Former speaker John A. Pérez, who left office in 2014, said he considers Political Solutions “one of the better, more effective firms in Sacramento,” and enjoyed working with its lobbyists on legislation to promote California tourism and expand organ donation programs.
“Some lobbying firms really spend most of their time on a couple of clients who are big political donors. That tends not to be the profile of their client base,” Pérez said.
“They’ve been able to create a level of advocacy that focuses on the substance of the issues, not ever on any external sets of resources.”
The firm is active in various efforts to support women in politics -- and there are many in Sacramento. At a recent reception inside the historic Governor’s Mansion, 200 women who work in politics fostered a bipartisan network known as #WinLikeAGirl.
After everyone had mingled over wine and cheese, organizer Shawnda Westly asked the group to jump on social media and “say something about how at least one woman in this room has improved our business of politics.”

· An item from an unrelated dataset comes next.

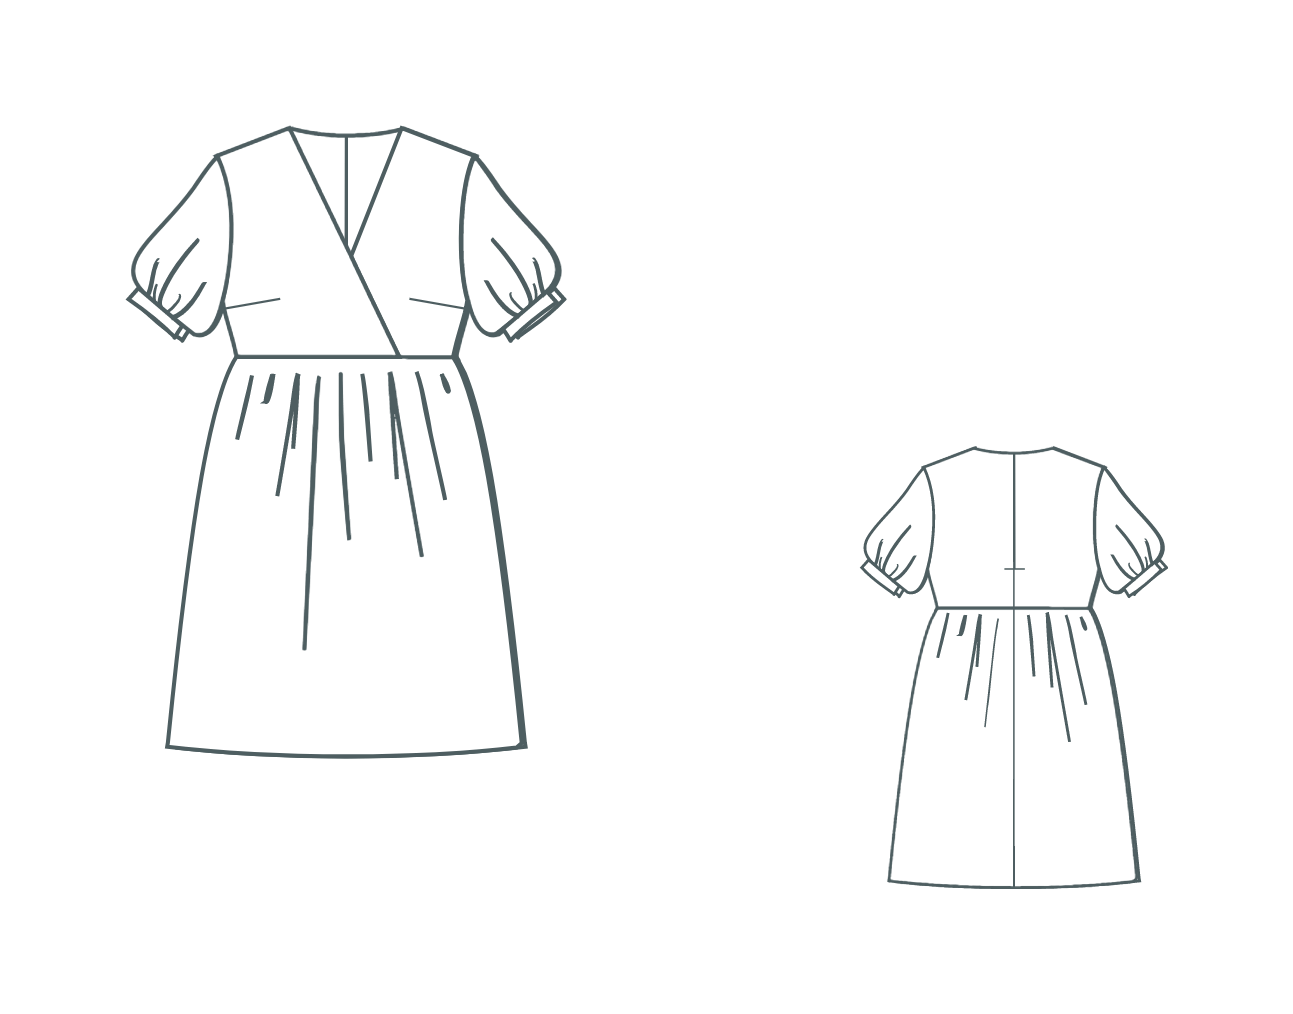 Digitāla piegrieztne-kleita Matilde

“Whether it’s her savvy, her strategy, her work ethic, all of these things,” said Westly, the California Democratic Party’s senior strategist. “We don’t promote ourselves as much as the dudes.”

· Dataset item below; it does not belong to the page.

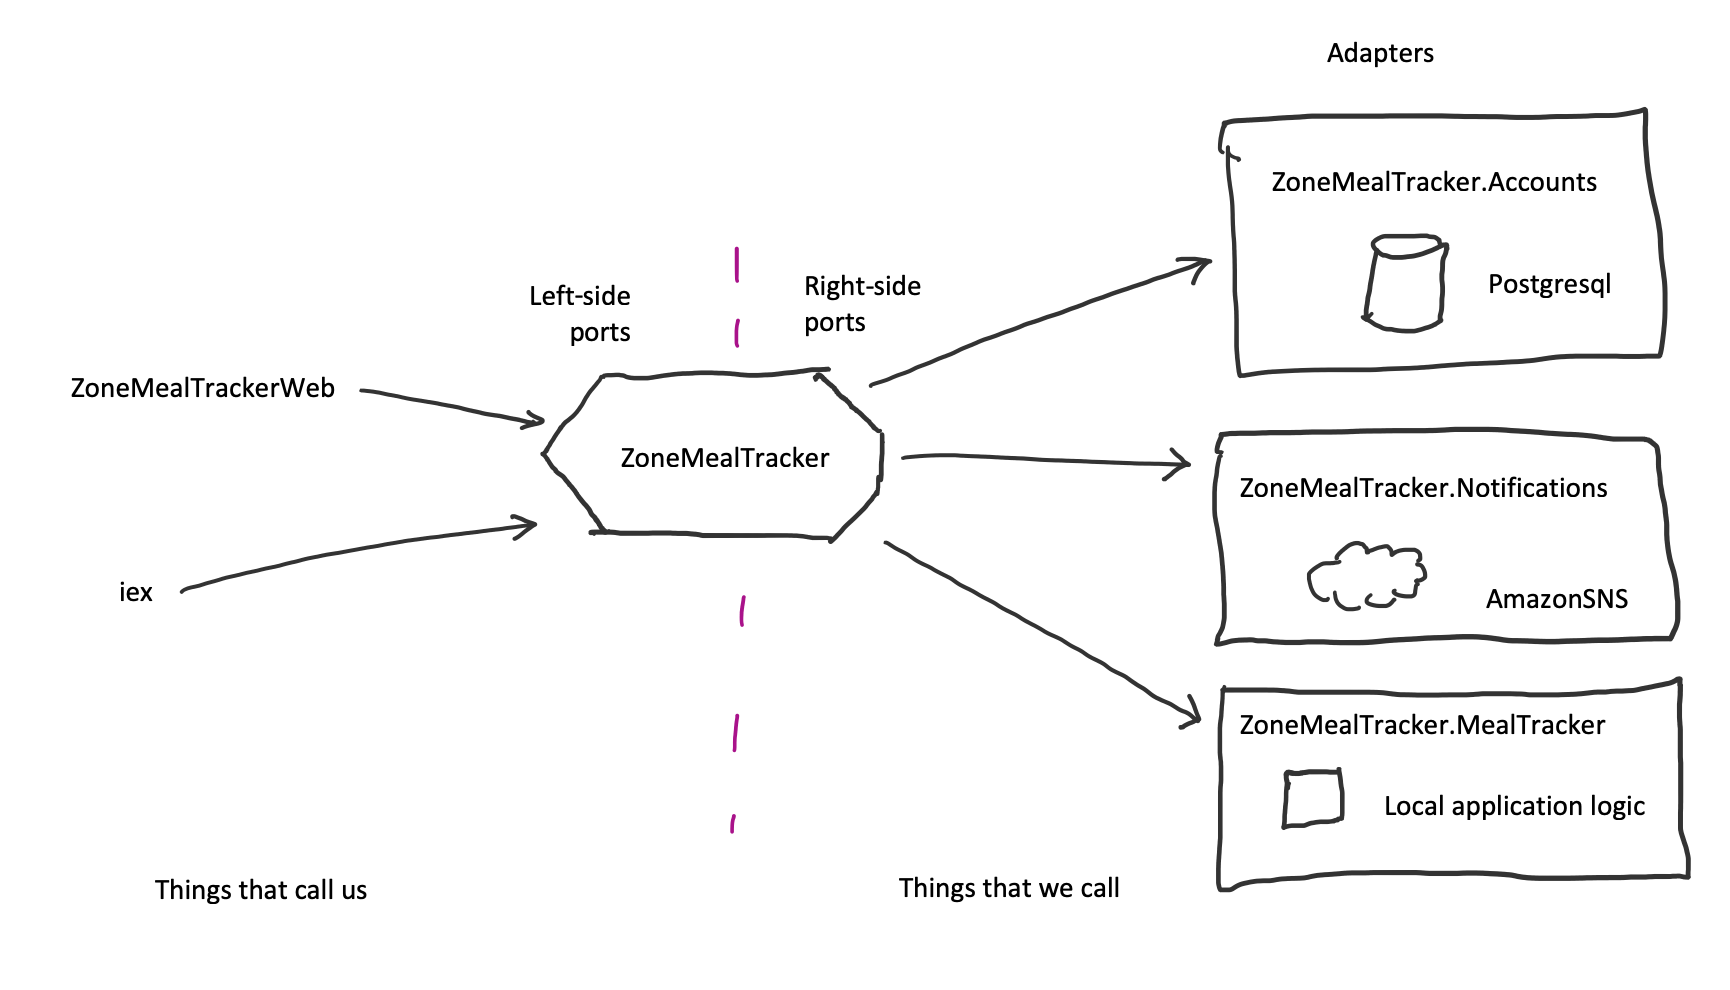 Hexagonal architecture diagram of ZoneMealTracker with original adapters

Among the crowd was lobbyist Jennifer Fearing, who said the Political Solutions partners made an early impression on her in launching their firm a dozen years ago. When Fearing wanted to open her own lobbying business, she turned to Dwelley, Miller and Beard King for advice.
“They were pretty influential in encouraging me,” Fearing said. “Their validation gave me confidence to roll out the way I was hoping to.”
Bev Hansen, a former legislator and veteran lobbyist, described the Political Solutions founders as “pioneers.” When she was a lawmaker in the late 1980s, Hansen said, “there were very few women (lobbyists) in general, but even fewer women who had their names on the door.”
“It’s still not as prevalent as it should be but it’s so much better than it was,” she said.
Miller said she was encouraged early on by Craig Biddle, a former lawmaker who became a lobbyist and her mentor.
“He was very protective to make sure people knew I was in the room, not because I was his secretary, (but) because I was smart and I knew what I was talking about,” Miller said. “He was always the first person to turn and say, ‘Tami knows more about this issue than I do so I’m going to go ahead and let her explain it to you.’”
Meetings like that offer opportunities to increase gender equity in the political professions for Assemblywoman Cristina Garcia (D-Bell Gardens). She said she uses her position in elective office to help women advance.
“If I notice it’s a group of men and not a single woman in the room lobbying me, I bring it to their attention,” Garcia said. “And I’ve noticed when that happens, in the future they make sure they include some women in the discussion.”